The lines from the start of the records through the one containing "Фото - Корм" are to be restated word for word; please include both ends.

···

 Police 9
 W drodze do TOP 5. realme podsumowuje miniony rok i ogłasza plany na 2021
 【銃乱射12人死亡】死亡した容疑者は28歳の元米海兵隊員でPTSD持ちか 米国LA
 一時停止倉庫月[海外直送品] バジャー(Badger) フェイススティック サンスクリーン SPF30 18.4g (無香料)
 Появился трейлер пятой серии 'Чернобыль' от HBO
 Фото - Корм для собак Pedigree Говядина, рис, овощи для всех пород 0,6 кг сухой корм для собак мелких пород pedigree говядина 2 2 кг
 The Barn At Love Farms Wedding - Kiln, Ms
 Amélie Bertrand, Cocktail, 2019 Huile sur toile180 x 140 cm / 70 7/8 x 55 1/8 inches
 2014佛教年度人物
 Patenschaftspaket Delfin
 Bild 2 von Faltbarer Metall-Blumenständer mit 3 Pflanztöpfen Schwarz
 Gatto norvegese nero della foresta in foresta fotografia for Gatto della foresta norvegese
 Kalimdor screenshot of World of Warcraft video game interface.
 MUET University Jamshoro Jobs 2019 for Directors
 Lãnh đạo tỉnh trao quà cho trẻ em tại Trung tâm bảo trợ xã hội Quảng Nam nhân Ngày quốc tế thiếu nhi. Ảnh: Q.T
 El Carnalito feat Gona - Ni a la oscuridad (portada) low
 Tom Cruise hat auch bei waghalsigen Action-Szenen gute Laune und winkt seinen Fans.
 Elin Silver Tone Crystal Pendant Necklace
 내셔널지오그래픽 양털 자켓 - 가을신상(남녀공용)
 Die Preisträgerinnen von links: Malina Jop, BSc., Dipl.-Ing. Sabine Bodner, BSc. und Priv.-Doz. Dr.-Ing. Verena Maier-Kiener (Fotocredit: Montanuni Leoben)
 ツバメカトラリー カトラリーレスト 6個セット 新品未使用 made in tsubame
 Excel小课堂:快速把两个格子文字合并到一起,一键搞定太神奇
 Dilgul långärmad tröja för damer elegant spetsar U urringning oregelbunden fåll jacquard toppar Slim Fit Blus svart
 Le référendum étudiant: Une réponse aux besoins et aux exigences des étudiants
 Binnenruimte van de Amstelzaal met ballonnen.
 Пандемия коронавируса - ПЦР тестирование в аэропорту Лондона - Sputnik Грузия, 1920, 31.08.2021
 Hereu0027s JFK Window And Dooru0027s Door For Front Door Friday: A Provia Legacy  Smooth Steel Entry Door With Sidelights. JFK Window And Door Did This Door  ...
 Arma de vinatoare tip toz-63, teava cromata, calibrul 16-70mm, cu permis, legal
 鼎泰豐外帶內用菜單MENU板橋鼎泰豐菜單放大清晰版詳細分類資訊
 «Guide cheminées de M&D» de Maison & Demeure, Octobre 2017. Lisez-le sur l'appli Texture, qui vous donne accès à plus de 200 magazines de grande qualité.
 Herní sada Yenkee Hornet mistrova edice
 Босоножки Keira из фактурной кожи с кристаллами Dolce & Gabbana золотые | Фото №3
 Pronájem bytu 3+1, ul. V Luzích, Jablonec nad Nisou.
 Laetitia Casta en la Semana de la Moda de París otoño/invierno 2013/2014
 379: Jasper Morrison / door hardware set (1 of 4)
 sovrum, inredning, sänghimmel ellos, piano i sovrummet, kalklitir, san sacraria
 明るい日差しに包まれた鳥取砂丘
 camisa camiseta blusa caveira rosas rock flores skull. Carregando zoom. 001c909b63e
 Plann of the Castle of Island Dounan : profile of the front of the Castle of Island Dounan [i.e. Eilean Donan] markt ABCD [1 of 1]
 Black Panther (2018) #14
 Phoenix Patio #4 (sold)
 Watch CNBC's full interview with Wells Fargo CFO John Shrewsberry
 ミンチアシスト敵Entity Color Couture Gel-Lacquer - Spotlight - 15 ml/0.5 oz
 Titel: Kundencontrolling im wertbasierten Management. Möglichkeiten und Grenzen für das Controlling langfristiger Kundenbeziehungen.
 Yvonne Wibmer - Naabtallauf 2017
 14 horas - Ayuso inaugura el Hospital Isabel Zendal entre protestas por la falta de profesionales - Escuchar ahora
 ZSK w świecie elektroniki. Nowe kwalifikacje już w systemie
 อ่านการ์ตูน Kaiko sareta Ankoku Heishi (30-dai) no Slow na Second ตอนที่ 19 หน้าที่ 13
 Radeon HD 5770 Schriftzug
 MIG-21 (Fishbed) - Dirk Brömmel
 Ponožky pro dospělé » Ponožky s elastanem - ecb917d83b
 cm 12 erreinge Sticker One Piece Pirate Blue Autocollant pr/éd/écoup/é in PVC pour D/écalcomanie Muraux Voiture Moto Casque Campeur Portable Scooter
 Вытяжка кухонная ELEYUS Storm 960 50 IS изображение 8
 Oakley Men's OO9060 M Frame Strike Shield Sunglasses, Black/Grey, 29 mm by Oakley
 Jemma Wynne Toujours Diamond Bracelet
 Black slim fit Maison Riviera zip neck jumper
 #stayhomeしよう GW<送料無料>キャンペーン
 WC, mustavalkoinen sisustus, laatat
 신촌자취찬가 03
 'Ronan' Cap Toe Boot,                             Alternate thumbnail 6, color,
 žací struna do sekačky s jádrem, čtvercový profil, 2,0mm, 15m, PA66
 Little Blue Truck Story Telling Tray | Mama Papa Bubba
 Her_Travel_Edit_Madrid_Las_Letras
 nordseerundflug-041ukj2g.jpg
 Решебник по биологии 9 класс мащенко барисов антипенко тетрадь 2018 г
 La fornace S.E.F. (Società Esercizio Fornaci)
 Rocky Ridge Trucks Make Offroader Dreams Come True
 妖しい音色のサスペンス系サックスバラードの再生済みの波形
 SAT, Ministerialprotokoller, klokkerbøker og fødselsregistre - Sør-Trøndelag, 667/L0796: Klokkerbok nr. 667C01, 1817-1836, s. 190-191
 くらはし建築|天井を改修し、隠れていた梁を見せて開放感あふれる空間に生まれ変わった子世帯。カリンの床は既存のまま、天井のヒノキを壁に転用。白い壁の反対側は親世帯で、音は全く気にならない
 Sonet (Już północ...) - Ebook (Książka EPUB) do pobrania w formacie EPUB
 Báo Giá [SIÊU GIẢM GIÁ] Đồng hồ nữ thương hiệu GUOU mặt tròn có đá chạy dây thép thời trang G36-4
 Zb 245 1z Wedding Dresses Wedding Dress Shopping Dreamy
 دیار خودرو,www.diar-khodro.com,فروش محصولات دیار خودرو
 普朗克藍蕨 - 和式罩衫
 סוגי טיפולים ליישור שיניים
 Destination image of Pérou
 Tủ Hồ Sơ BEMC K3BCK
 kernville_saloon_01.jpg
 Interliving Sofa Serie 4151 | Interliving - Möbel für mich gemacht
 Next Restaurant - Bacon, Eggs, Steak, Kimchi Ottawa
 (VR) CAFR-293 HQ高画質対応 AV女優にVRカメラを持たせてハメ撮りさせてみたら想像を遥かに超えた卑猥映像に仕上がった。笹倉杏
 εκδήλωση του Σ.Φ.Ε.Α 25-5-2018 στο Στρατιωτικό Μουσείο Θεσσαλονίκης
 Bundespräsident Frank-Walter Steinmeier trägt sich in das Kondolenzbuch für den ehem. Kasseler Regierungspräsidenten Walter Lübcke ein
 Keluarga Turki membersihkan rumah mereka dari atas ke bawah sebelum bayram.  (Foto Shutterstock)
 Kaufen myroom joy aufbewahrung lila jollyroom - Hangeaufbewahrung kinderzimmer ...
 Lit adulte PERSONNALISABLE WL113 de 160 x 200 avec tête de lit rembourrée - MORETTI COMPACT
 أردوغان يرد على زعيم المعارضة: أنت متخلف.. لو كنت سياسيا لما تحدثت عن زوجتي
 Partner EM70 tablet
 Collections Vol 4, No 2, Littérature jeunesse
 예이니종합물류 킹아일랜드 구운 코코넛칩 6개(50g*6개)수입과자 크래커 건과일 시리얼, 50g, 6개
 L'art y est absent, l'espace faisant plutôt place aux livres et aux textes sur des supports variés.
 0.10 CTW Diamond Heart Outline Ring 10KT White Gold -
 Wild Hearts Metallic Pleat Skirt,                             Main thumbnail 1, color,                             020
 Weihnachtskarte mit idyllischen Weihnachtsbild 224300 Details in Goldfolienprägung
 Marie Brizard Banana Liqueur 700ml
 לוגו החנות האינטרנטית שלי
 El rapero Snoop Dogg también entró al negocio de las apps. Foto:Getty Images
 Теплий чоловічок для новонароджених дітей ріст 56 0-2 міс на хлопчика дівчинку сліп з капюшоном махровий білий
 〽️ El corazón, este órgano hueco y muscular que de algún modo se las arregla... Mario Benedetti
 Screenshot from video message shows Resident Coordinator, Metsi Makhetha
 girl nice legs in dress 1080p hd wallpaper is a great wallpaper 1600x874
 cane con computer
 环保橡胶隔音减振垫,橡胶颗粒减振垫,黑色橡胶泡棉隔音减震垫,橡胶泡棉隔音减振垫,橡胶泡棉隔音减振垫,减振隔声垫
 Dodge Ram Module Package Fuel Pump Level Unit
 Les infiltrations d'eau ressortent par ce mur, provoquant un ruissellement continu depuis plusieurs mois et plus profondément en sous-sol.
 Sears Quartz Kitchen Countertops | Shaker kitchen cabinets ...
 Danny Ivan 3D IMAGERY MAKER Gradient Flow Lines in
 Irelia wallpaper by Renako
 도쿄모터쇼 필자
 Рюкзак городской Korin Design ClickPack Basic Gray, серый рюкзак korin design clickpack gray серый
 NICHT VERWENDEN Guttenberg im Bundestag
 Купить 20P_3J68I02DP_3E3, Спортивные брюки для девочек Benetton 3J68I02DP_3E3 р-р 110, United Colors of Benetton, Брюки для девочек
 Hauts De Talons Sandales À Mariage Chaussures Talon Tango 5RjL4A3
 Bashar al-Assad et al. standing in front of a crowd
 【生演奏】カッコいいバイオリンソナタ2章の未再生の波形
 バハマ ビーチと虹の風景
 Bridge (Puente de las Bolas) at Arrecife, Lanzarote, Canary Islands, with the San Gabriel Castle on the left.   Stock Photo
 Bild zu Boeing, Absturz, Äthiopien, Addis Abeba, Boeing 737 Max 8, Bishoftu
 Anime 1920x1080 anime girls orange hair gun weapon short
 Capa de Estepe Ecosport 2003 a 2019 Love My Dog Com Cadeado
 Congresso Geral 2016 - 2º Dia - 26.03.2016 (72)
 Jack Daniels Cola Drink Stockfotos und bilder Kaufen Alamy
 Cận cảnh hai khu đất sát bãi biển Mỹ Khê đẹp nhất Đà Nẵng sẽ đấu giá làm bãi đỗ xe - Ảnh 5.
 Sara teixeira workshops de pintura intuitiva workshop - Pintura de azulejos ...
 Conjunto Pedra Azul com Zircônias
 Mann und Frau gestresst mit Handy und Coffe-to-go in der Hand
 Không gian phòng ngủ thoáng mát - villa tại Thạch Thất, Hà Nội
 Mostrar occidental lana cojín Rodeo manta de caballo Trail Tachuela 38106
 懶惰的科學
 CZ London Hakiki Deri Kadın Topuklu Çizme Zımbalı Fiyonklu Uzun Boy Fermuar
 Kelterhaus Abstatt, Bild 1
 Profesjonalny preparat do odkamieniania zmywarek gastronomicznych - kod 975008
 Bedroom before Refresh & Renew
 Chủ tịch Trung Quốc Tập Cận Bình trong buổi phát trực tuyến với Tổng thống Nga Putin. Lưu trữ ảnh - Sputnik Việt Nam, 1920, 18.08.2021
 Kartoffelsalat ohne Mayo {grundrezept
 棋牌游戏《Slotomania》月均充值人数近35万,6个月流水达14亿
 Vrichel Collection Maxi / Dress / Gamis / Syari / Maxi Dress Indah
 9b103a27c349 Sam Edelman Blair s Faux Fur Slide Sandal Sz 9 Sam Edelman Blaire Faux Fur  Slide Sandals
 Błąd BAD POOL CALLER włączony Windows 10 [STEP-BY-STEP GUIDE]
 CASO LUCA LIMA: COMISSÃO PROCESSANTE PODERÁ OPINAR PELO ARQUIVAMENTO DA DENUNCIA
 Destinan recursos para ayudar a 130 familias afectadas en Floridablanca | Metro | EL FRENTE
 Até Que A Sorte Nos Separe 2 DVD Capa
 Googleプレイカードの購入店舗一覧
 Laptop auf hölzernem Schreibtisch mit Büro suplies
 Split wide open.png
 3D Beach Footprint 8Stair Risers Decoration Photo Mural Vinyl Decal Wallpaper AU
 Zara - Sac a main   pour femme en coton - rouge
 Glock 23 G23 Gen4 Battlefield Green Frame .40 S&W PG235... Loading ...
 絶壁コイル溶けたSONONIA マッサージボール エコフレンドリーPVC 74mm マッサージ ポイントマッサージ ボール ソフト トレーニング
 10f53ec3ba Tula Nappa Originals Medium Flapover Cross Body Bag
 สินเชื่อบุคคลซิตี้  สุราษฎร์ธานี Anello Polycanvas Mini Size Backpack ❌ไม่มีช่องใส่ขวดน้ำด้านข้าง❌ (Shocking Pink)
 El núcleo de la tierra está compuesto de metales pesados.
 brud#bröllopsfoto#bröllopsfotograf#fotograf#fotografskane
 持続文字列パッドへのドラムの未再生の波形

···

Written answer >>
 Police 9
 W drodze do TOP 5. realme podsumowuje miniony rok i ogłasza plany na 2021
 【銃乱射12人死亡】死亡した容疑者は28歳の元米海兵隊員でPTSD持ちか 米国LA
 一時停止倉庫月[海外直送品] バジャー(Badger) フェイススティック サンスクリーン SPF30 18.4g (無香料)
 Появился трейлер пятой серии 'Чернобыль' от HBO
 Фото - Корм для собак Pedigree Говядина, рис, овощи для всех пород 0,6 кг сухой корм для собак мелких пород pedigree говядина 2 2 кг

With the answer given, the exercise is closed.